The second new technology, which we'll concentrate on in the next installment, is Core Data, one of the
most astoundingly wonderful bits of technology Apple has ever given to the Mac development community.
In this month's article, we'll build a small Cocoa application that will retrieve book information from
Amazon's XML-based web service, parse the vended data into Cocoa objects, then let the user edit the data
before saving it to an XML file on their local disk.
Next month, we'll use Core Data and Cocoa Bindings to make a version of the same application with more
functionality that's easier to maintain and support, takes less time to build, and requires writing much less
code.
It's important to note here that you must have Tiger and the Tiger development tools installed, since
neither NSXML nor Core Data are available in earlier releases. So, fire up Xcode 2.0, create a new Cocoa
Application project titled Amazon-XML and let's dive in.
The Data model
Our first step is to build our data model the traditional Cocoa way. We have to create Cocoa classes to
hold our data. We'll also need to write code that will allow instances of our data model objects to be copied,
compared, and persisted. Go ahead and create a new objective-C class called MTBook in your newly created
project. Now give MTBook instance variables to hold our book data.

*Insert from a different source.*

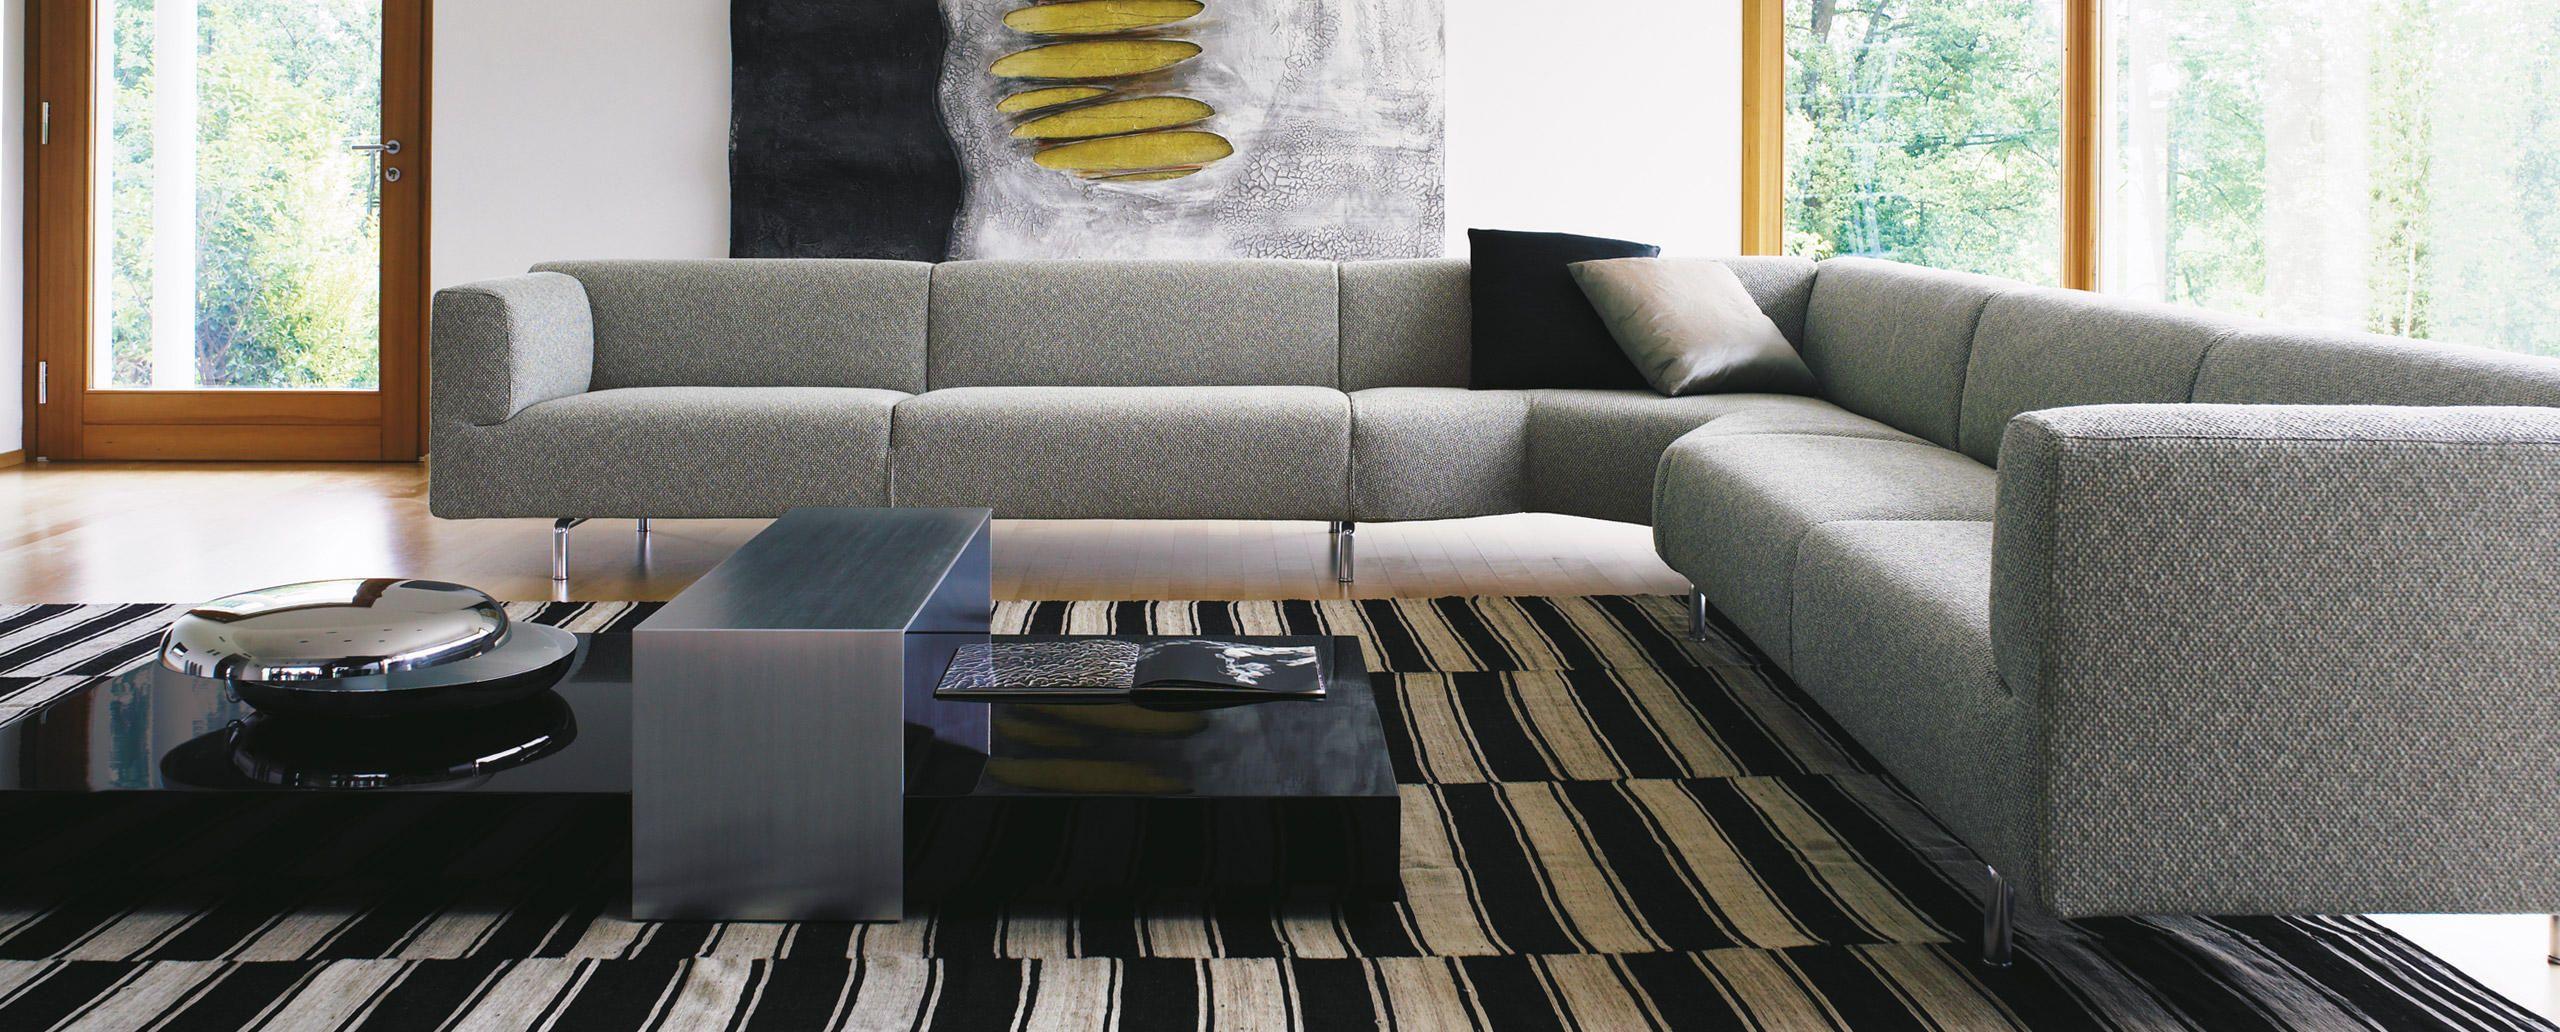 Design Slaapbank Gijs Van Der Sluis 540.Met Cassina Meubel Ideeen

MTBook Instance Variable Declaration
We're going to store a subset of the data that Amazon's web service provides. The bibliography provides a
reference to the Amazon SDK where you can find out more about their SDK and XML format. The last two instance
variables do not come from Amazon, but rather are there to hold additional, user-provided information.
@interface MTBook : NSObject
{
NSString *isbn;
NSString *title;
NSString *publisher;
NSCalendarDate *dateReleased;
NSData *coverImage;
NSMutableArray *authors;
int salesRank;
NSURL *url;
NSCalendarDate *dateRead;
NSString *comment;
}
Of course, we need to add accessor and mutator methods for each of these variables, as well as code to
initialize the object, copy it, persist it, restore it, compare it, and release its memory when it's
deallocated. These aspects of building a data model are some of the very few tedious tasks in programming
Cocoa. Next month you'll see that these tedious steps are no longer necessary thanks to Core Data. But let's
not get ahead of ourselves.
These various methods are not shown in code listings; they are standard Cocoa tasks that have been written
about extensively elsewhere. I used Kevin Callahan's handy Accessorizer program to automatically generate the
accessors and mutators, then hand-coded the initializers as well as the other methods a data object needs,
such as code to copy an instance, compare one instance to another, or to encode and decode an instance. The
process of creating the MTBook class took a considerable amount of time, even though it's all very
straightforward. If you don't feel like doing all those tedious tasks (and who would blame you?), feel free to
copy MTBook from the issue CD.
You may be wondering why we would choose to store the cover image as an NSData instead of an NSImage. The
simple reason is that NSImage will not necessarily preserve the original image data at the same size and
resolution. To avoid re-compression and possible loss of image quality or resolution, we'll store the original
JPEG data as retrieved.
Architecture of NSXML
NSXML's functionality is provided by a small collection of classes, only a couple of which you will need to use.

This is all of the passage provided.